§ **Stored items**
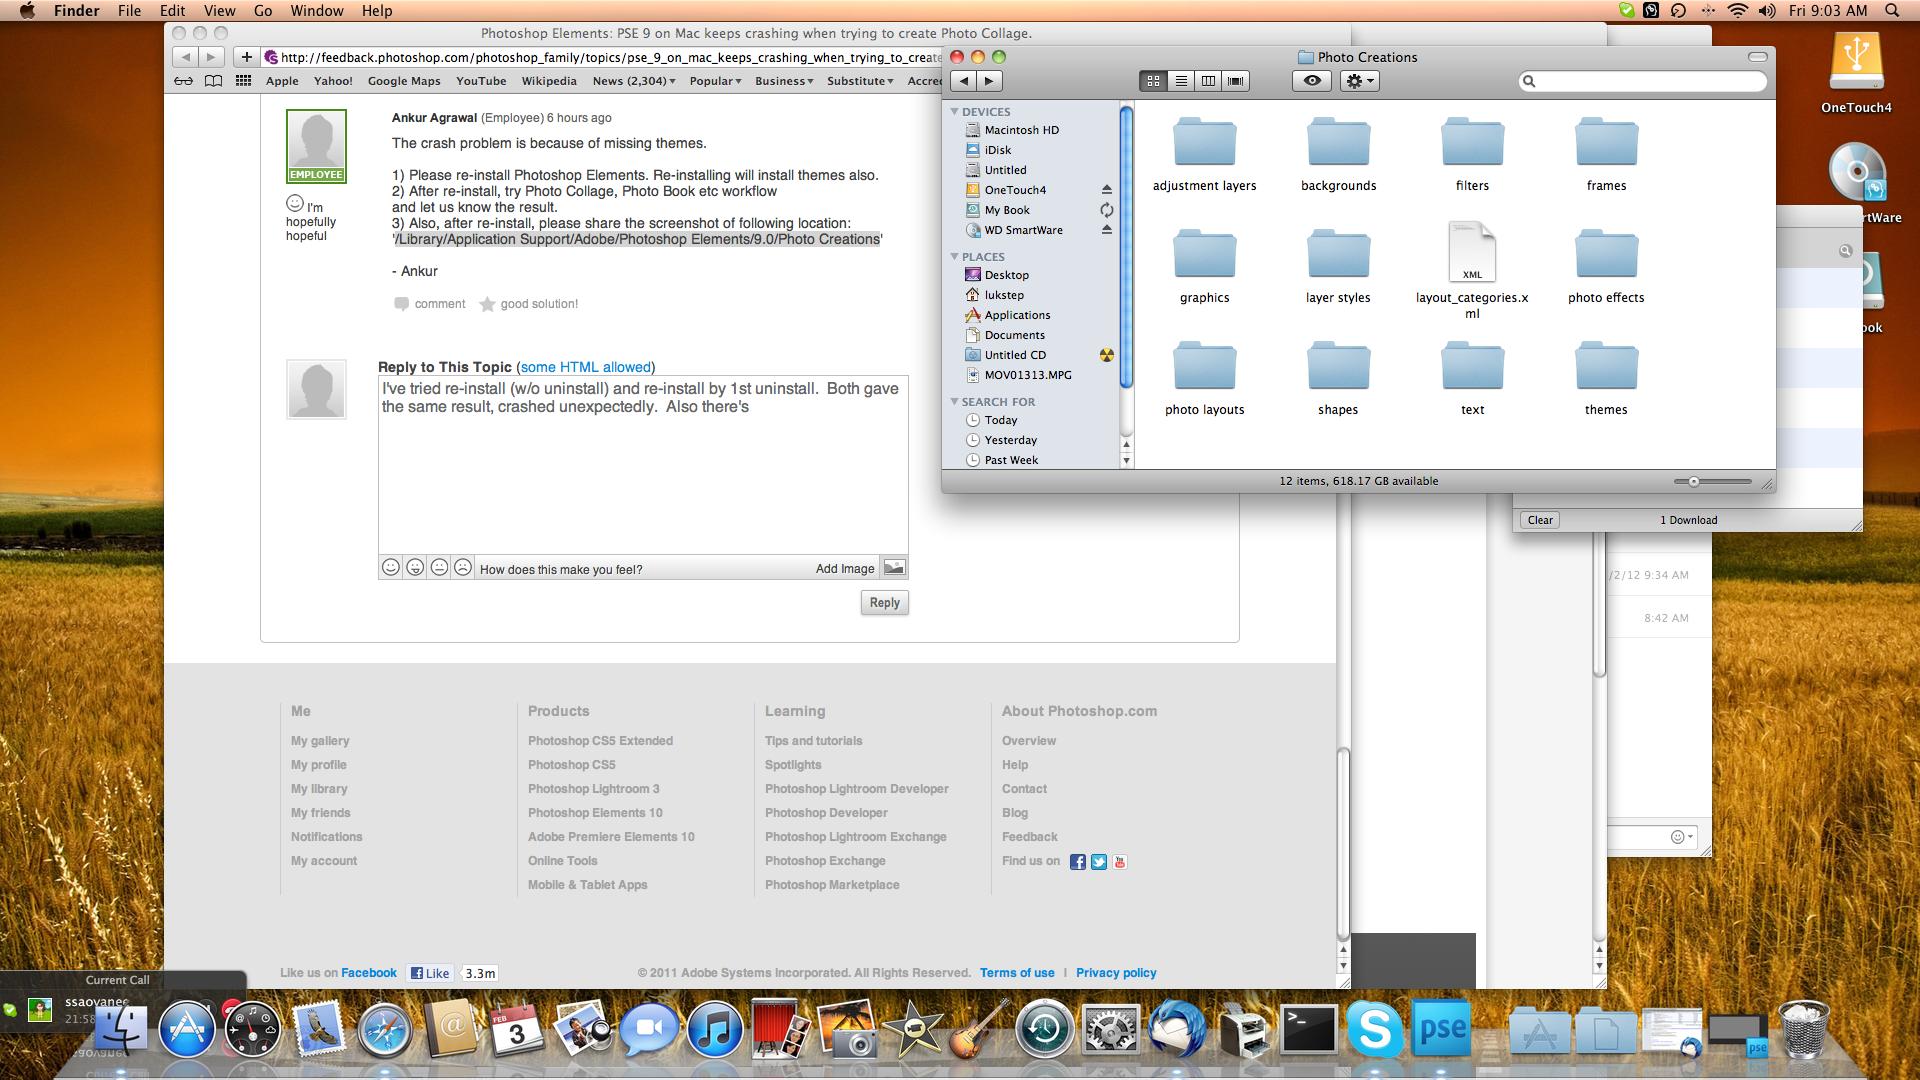 Photoshop keeps crashing mac
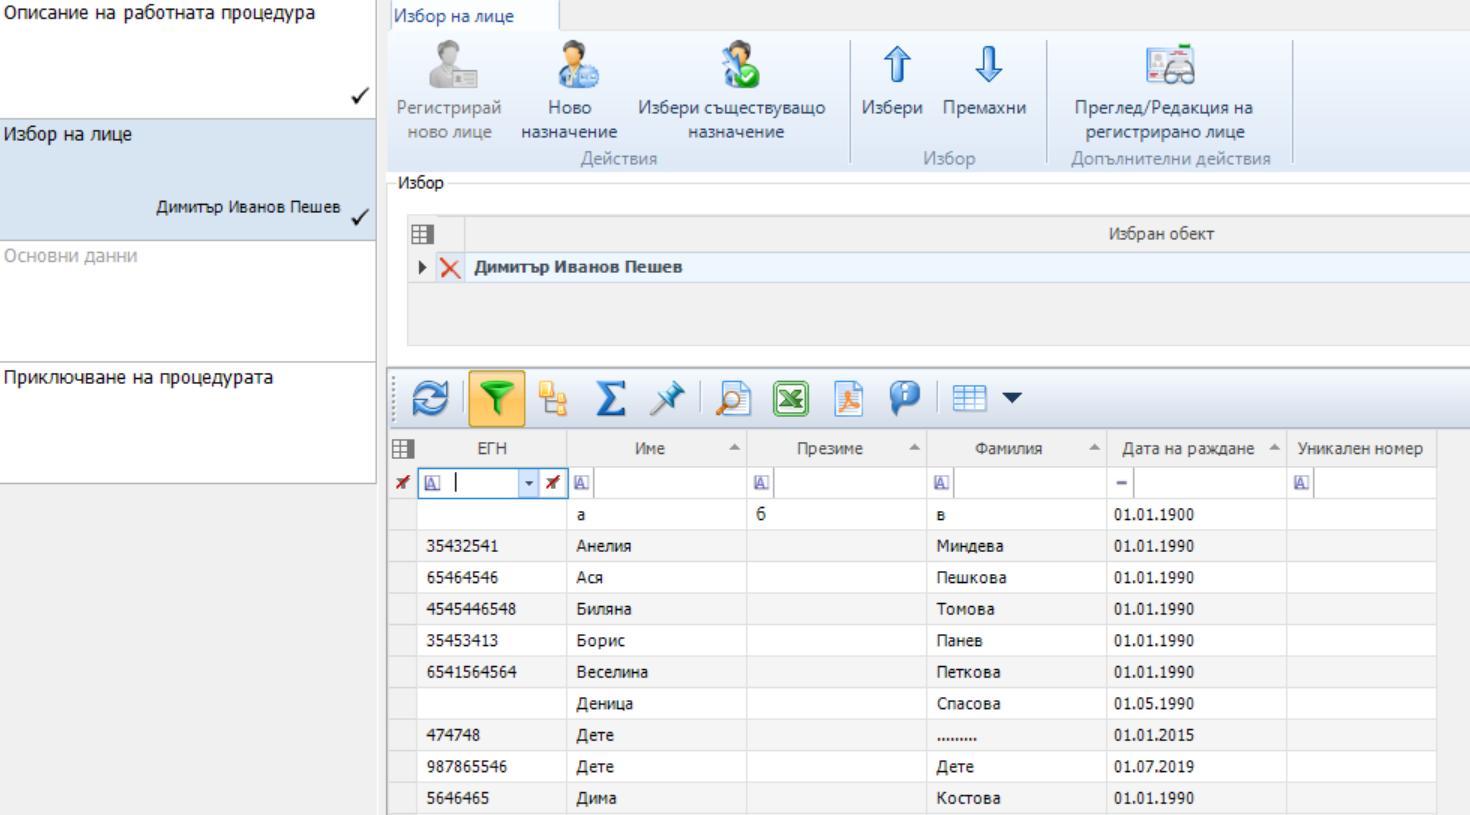 Регистриране на служители | HeRMeS eXpress
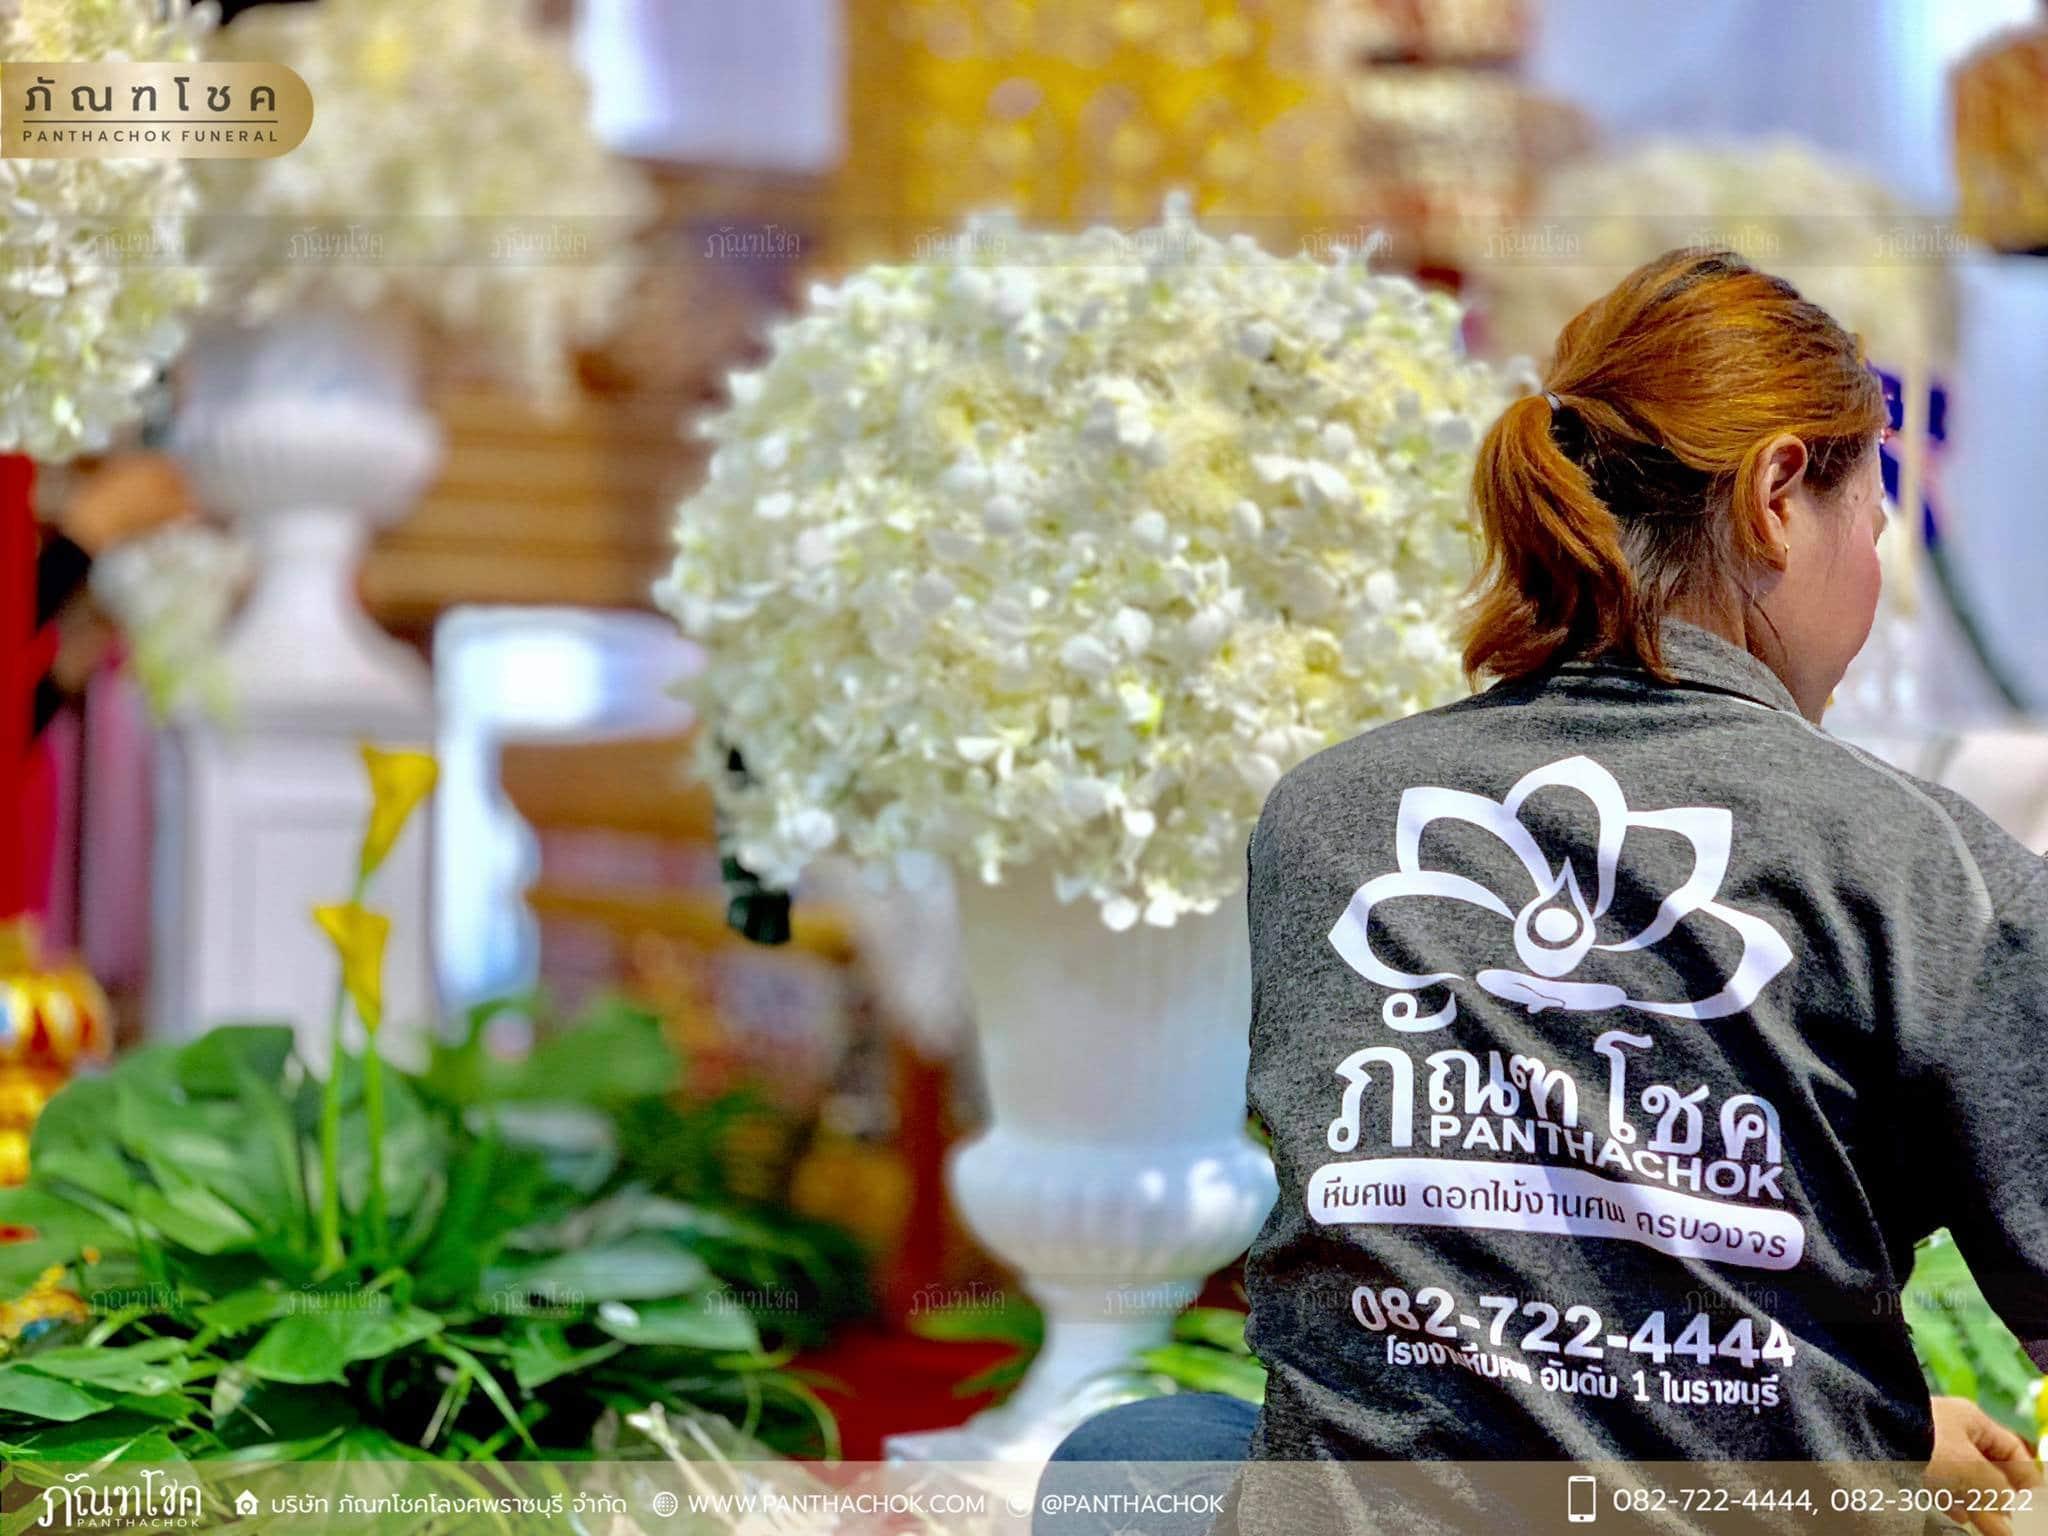 ดอกไม้ประดับหน้าโกศ อดีตผู้ว่าราชการจังหวัดราชบุรี 7
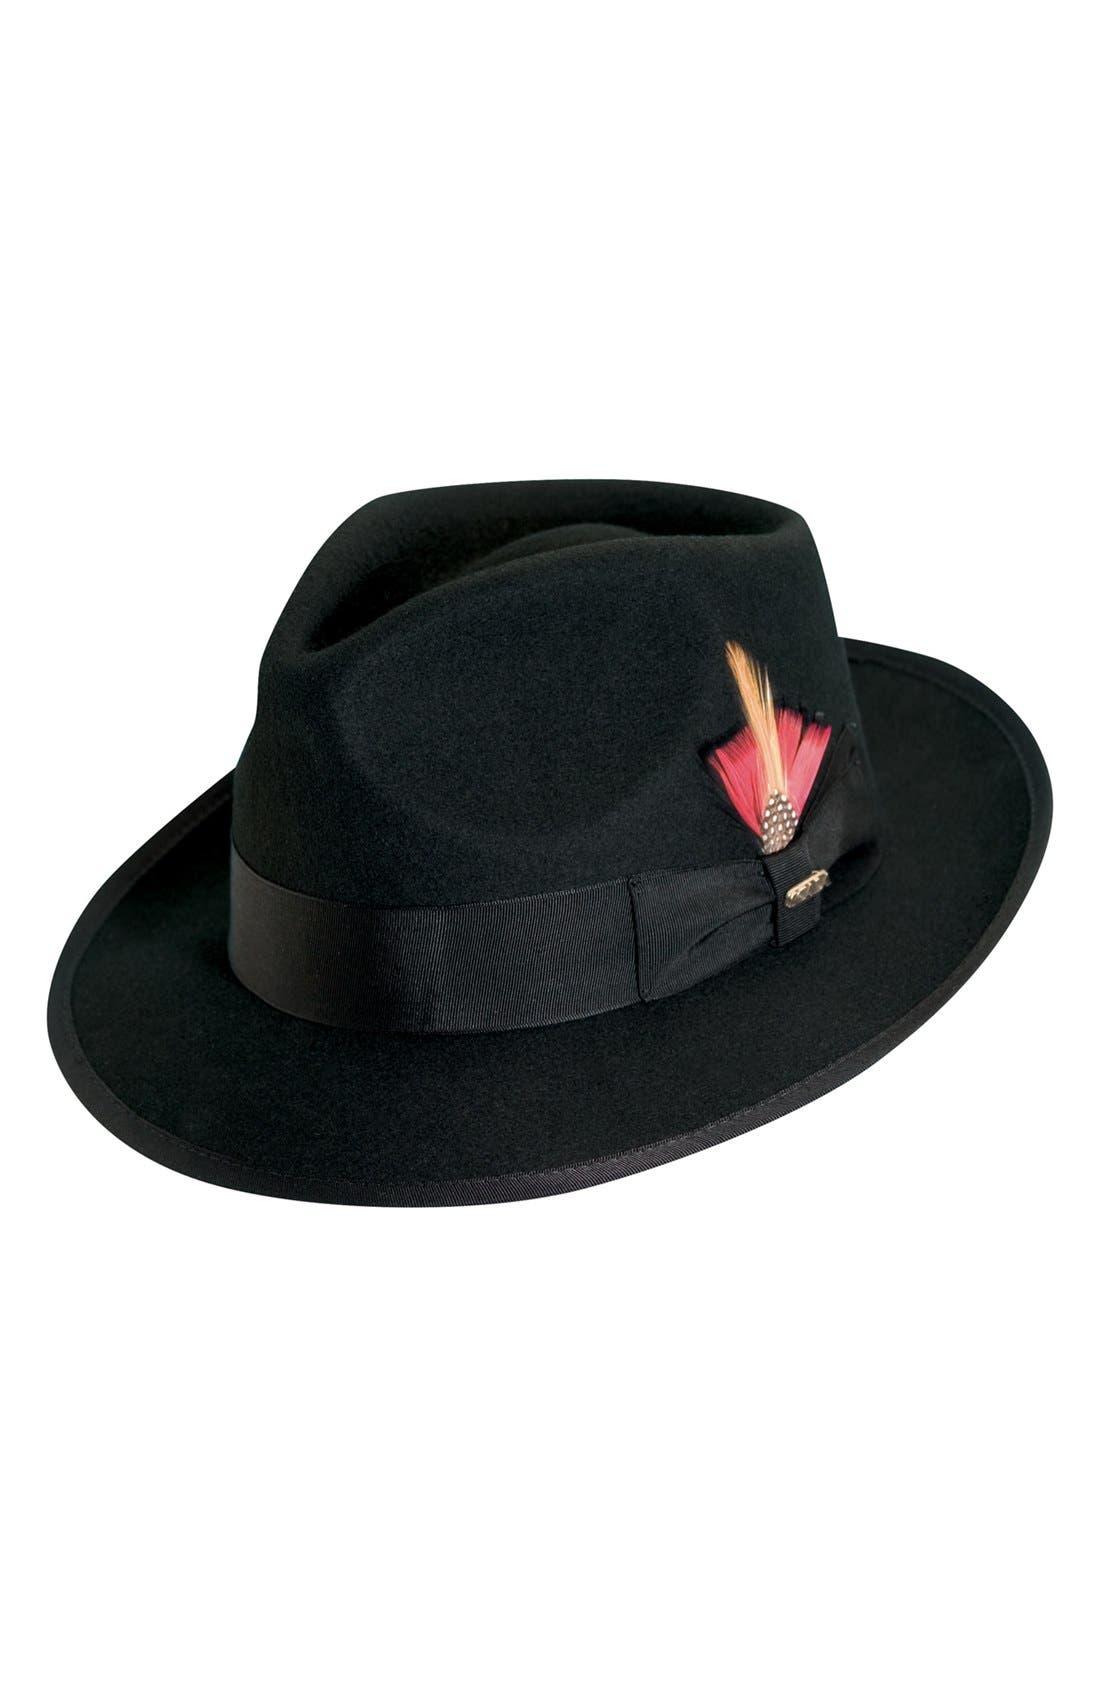 SCALA Classico Wool Felt Snap Brim Hat
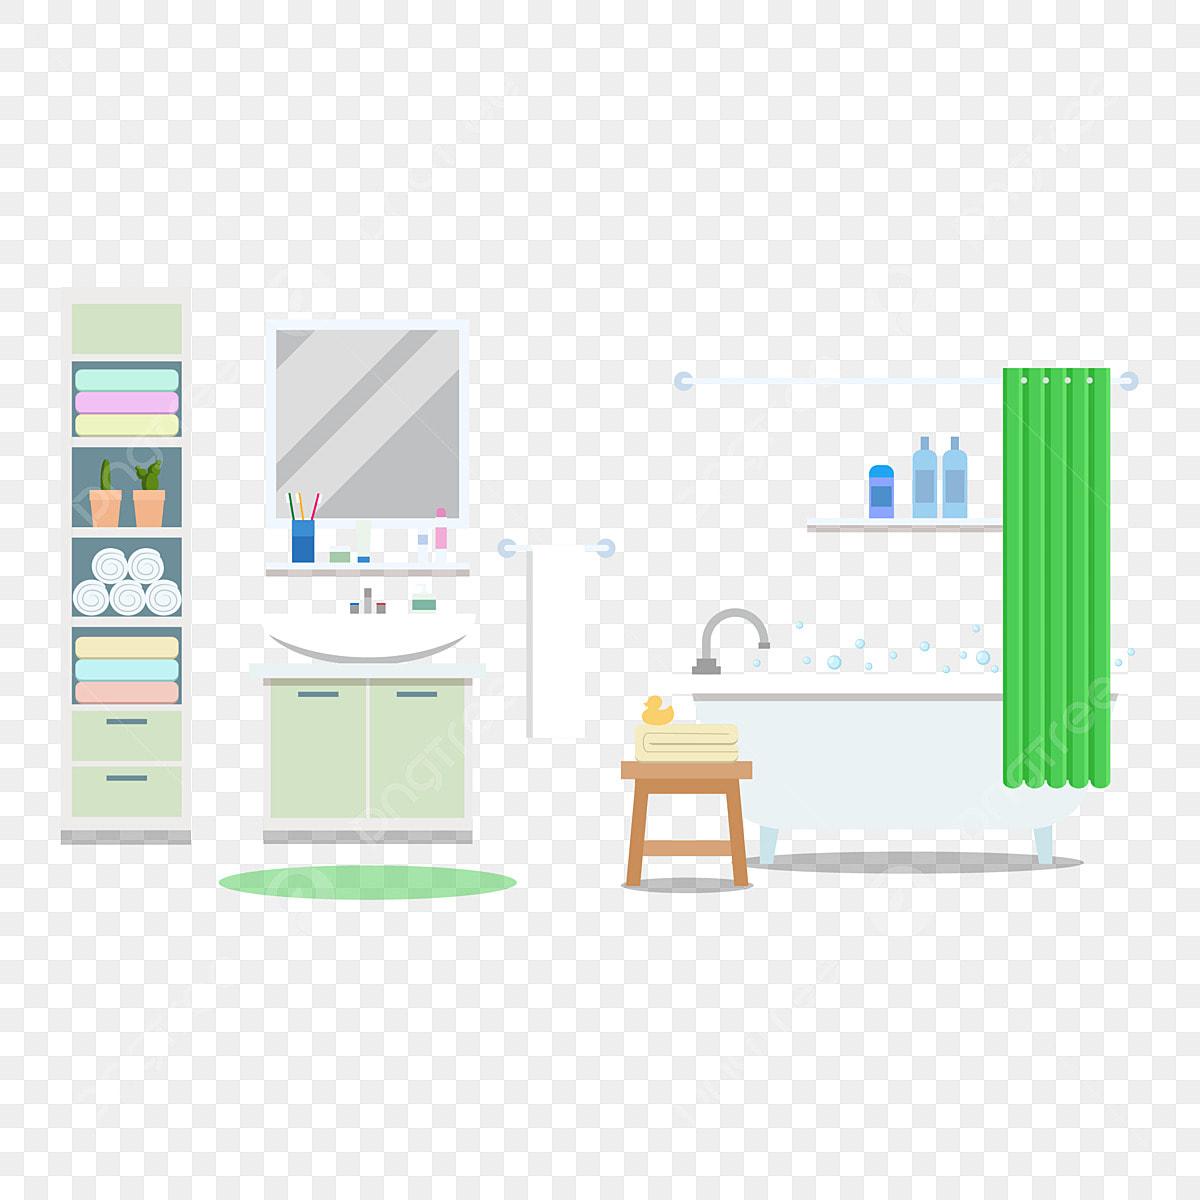 Dessin Salle De Bain salle de bain toilette de dessin animé salle de bain simple

§ **Requirement**
With the pictures set aside, please write out all of the records above exactly.

§ **Answer below**
 Photoshop keeps crashing mac
 Регистриране на служители | HeRMeS eXpress
 ดอกไม้ประดับหน้าโกศ อดีตผู้ว่าราชการจังหวัดราชบุรี 7
 SCALA Classico Wool Felt Snap Brim Hat
 Dessin Salle De Bain salle de bain toilette de dessin animé salle de bain simple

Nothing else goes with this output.